═════ Input material ═════

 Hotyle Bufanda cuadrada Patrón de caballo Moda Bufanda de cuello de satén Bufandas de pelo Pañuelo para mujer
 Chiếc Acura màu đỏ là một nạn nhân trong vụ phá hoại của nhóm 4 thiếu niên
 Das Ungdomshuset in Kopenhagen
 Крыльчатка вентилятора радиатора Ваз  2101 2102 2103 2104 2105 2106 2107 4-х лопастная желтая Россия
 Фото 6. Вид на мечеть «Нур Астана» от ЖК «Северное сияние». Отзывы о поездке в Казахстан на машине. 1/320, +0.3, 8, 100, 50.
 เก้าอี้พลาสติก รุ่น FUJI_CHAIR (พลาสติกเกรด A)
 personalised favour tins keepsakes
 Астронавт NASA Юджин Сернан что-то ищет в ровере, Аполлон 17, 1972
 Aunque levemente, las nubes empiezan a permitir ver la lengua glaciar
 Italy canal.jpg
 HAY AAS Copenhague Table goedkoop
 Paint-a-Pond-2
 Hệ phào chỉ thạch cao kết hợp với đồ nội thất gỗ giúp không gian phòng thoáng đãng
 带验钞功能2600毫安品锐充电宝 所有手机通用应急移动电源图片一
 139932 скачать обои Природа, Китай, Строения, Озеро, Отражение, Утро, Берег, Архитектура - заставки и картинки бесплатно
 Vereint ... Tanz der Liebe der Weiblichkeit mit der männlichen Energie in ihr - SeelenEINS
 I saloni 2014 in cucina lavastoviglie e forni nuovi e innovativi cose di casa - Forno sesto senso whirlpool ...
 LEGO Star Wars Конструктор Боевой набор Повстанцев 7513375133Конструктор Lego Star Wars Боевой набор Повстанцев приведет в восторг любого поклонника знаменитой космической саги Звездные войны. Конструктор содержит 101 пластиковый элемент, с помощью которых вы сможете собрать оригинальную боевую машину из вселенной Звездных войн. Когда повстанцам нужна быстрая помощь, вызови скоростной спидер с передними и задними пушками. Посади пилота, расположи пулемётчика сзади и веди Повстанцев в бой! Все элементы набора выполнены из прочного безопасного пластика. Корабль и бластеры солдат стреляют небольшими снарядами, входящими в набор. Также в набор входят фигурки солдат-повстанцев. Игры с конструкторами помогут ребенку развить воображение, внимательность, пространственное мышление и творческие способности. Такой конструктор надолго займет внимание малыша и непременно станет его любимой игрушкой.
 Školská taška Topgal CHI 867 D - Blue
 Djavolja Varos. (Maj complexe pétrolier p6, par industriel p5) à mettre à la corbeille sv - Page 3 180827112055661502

═════

* Assignment
Quote the data above from the line containing "Фото 6. Вид" to the line containing "带验钞功能2600毫安品锐充电宝 所有手机通用应急移动电源图片一", inclusive, and stop.

* Finished exercise
 Фото 6. Вид на мечеть «Нур Астана» от ЖК «Северное сияние». Отзывы о поездке в Казахстан на машине. 1/320, +0.3, 8, 100, 50.
 เก้าอี้พลาสติก รุ่น FUJI_CHAIR (พลาสติกเกรด A)
 personalised favour tins keepsakes
 Астронавт NASA Юджин Сернан что-то ищет в ровере, Аполлон 17, 1972
 Aunque levemente, las nubes empiezan a permitir ver la lengua glaciar
 Italy canal.jpg
 HAY AAS Copenhague Table goedkoop
 Paint-a-Pond-2
 Hệ phào chỉ thạch cao kết hợp với đồ nội thất gỗ giúp không gian phòng thoáng đãng
 带验钞功能2600毫安品锐充电宝 所有手机通用应急移动电源图片一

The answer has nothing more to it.